The more I think about Harmony’s insistence that Elendel is going too slowly, the more it bugs me. But I think it’s supposed to bug me. The first Mistborn trilogy had a mix of technologies and knowledge, so it can’t quite be placed in a parallel with humanity’s development on Earth, but there’s at least a “ceiling” in that the ash-covered Scadrial didn’t have anything beyond 18th century Earth.
So in that sense Harmony is right in that 300 years of development from that point should have brought about planes, computers, etc. But I think Elendel is exactly where it’s supposed to be, considering that the civilization in the northern hemisphere of the planet is still isolated and hasn’t stretched beyond the basin. Harmony says that he made things too easy, so there’s not been a lot of need to develop new methods of agriculture, manufacturing, research, education, and so on. Too much Preservation, not enough Ruin?
There’s also the question of how long it takes a population to adjust to sudden bounty, as opposed to the scarcity that Scadrial used to live in…
@5, I’d agree with “supposed to bug me”. I’d go further. . .either everything about Scadrial is supposed to bug us, or else it’s again surprisingly lazy worldbuilding. I’m happy to assume the former until I’m proven wrong, because given the care that Sanderson puts into making sure that none of his other planets is a boring medieval-Earth-analogue, it is becoming more and more bizarre that Scadrial is consistently too much of an Earth-analogue, at all points in its history that we’ve seen, for plausibility, in every detail down to fashion. This could be accommodated within-universe if we assume that Scadrial reflects the obsessional small-c conservatism that we would expect of Preservation divorced from most of the other aspects of Adonalsium. But that just moves the problem one level back, because if Preservation is preserving a culture then that makes Yolen a direct Earth-analogue. But it can’t literally be Earth because the WOB places it in a dwarf galaxy.

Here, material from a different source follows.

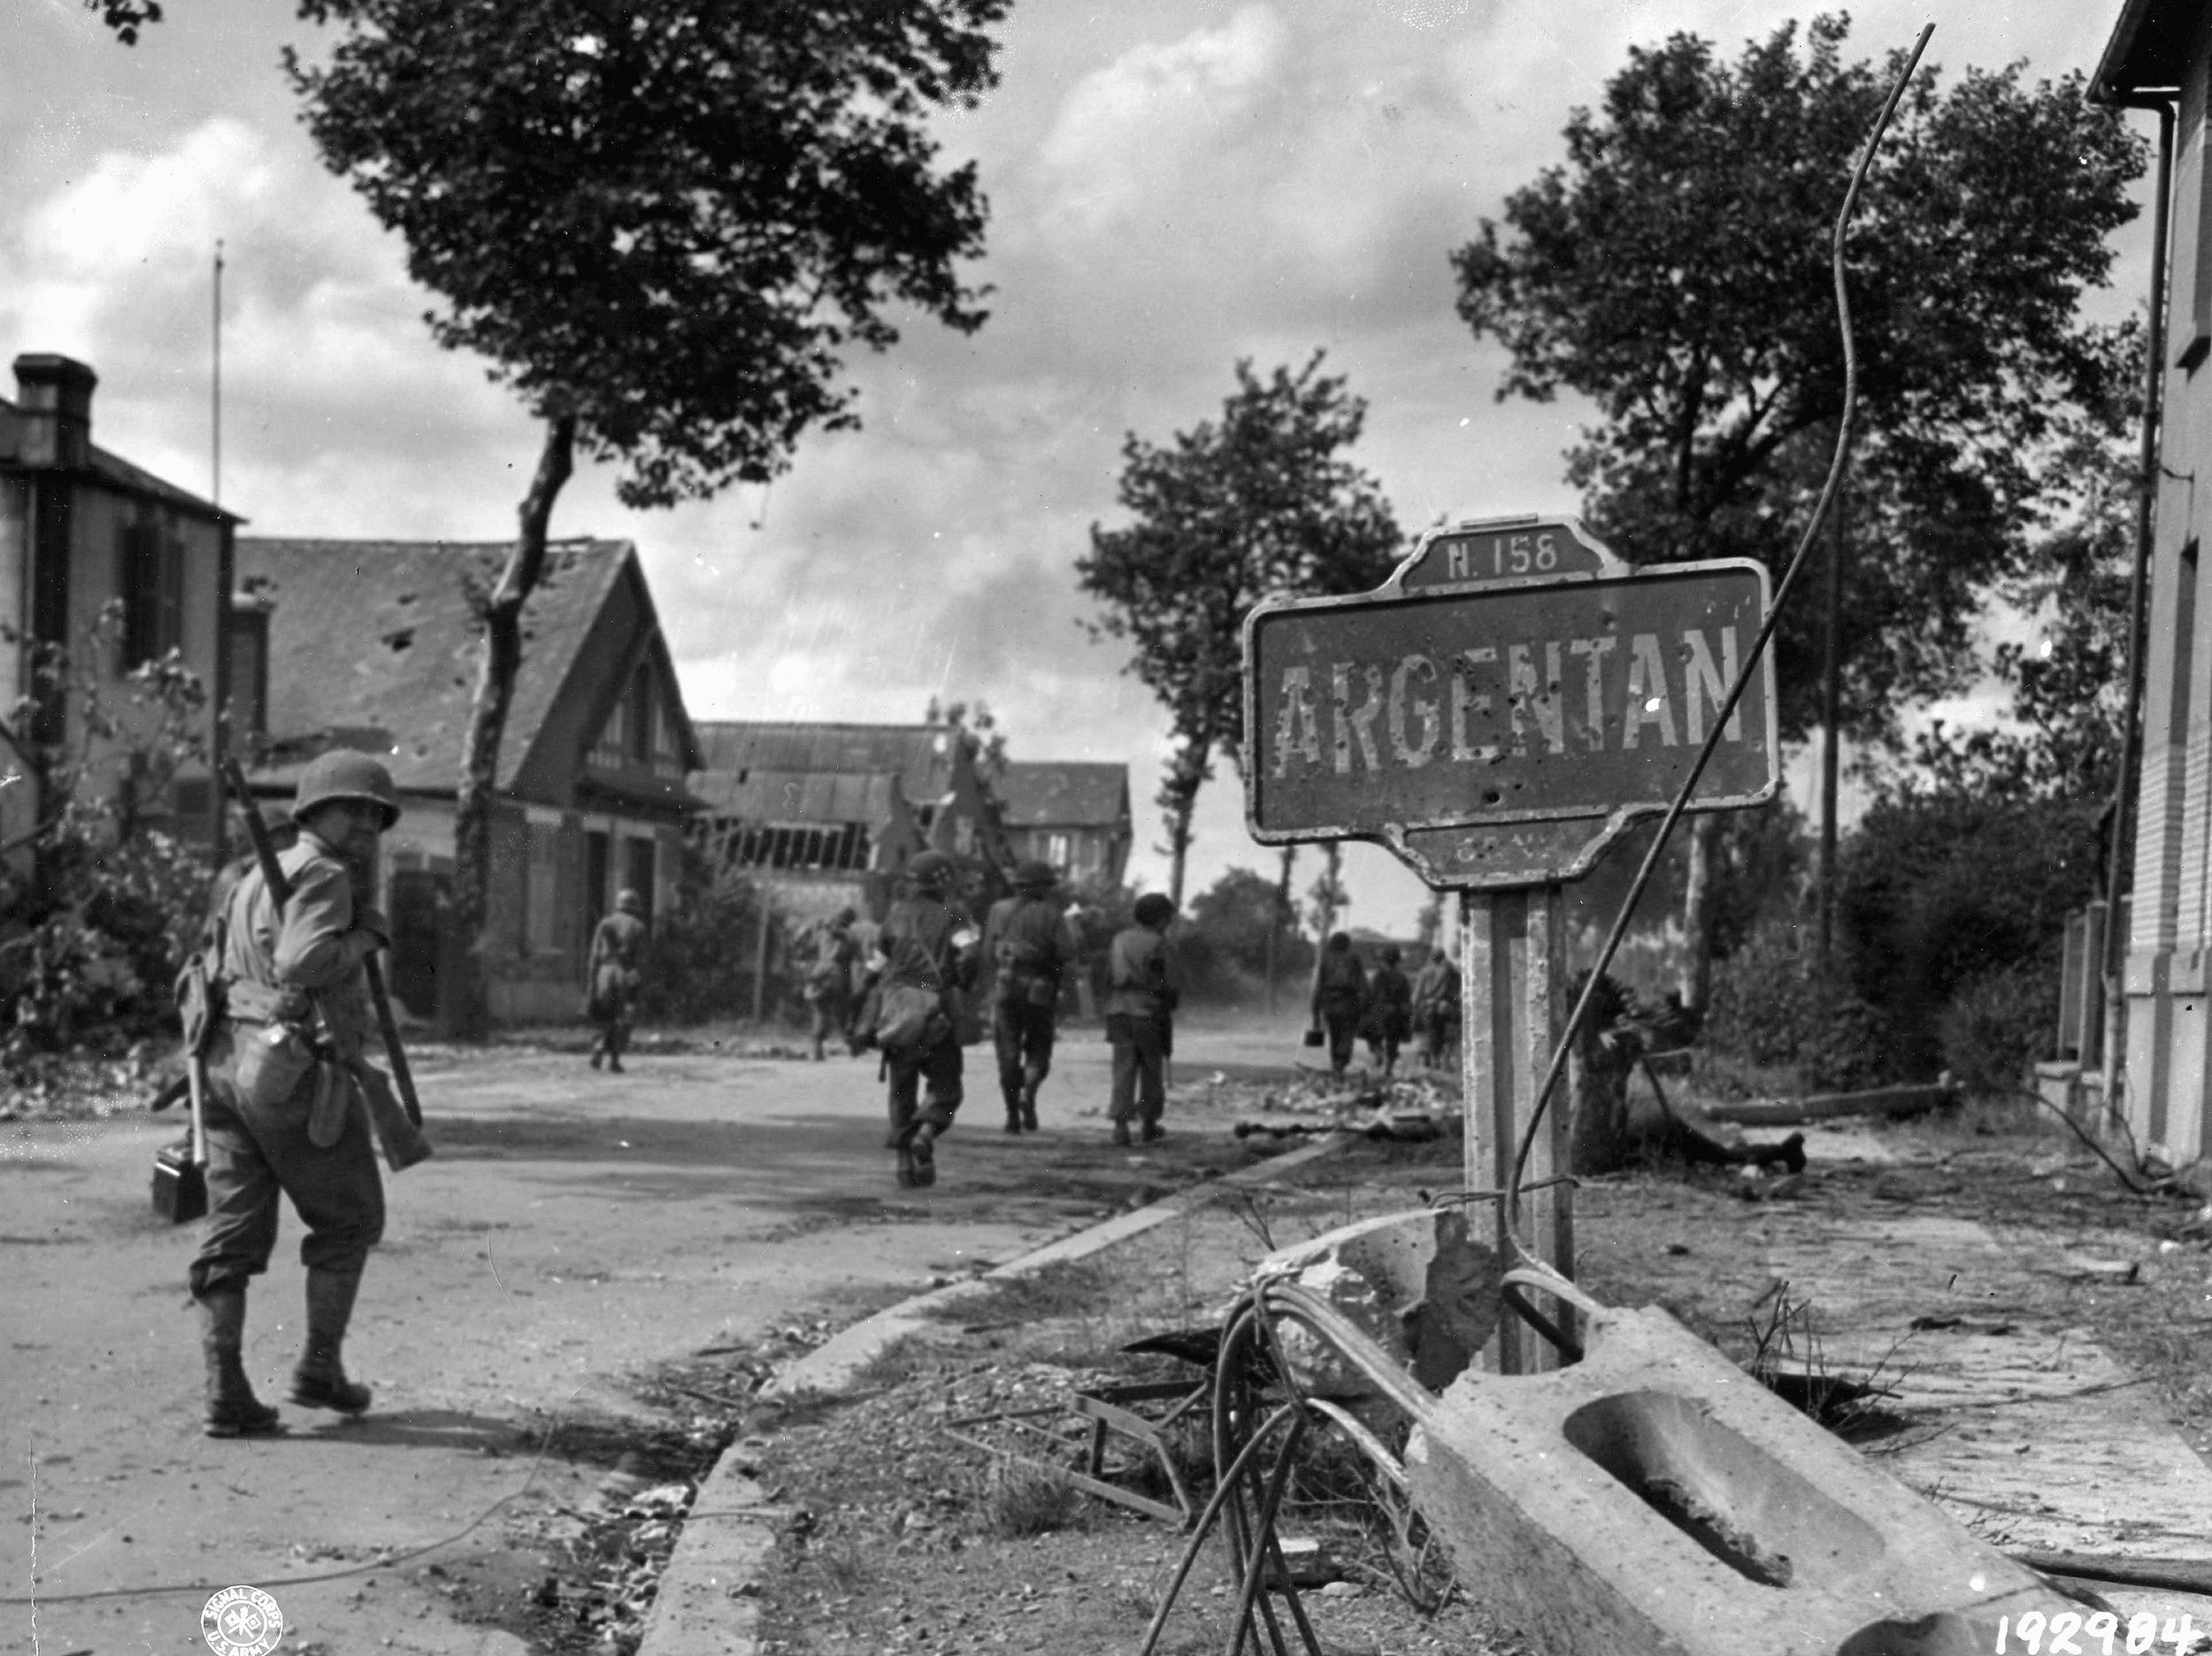 On August 20, 1944, American troops march into Argentan.

I think we may have to wait for answers until the publication of whatever-title-Dragonsteel-eventually-has (I have a hard time believing it will actually be published under that title, which sounds a little juvenile and now runs the risk of unfair accusations of GRRM plagiarism). If the answers are in the MFA version of Dragonsteel purportedly available in the BYU main library, then I certainly don’t have time to go digging for them right now.
I think that, being a god, he just has an intuitive knowledge of what’s possible scientifically. Sort of like how the Lord Ruler knew that he could create microbes to break down the ash, etc.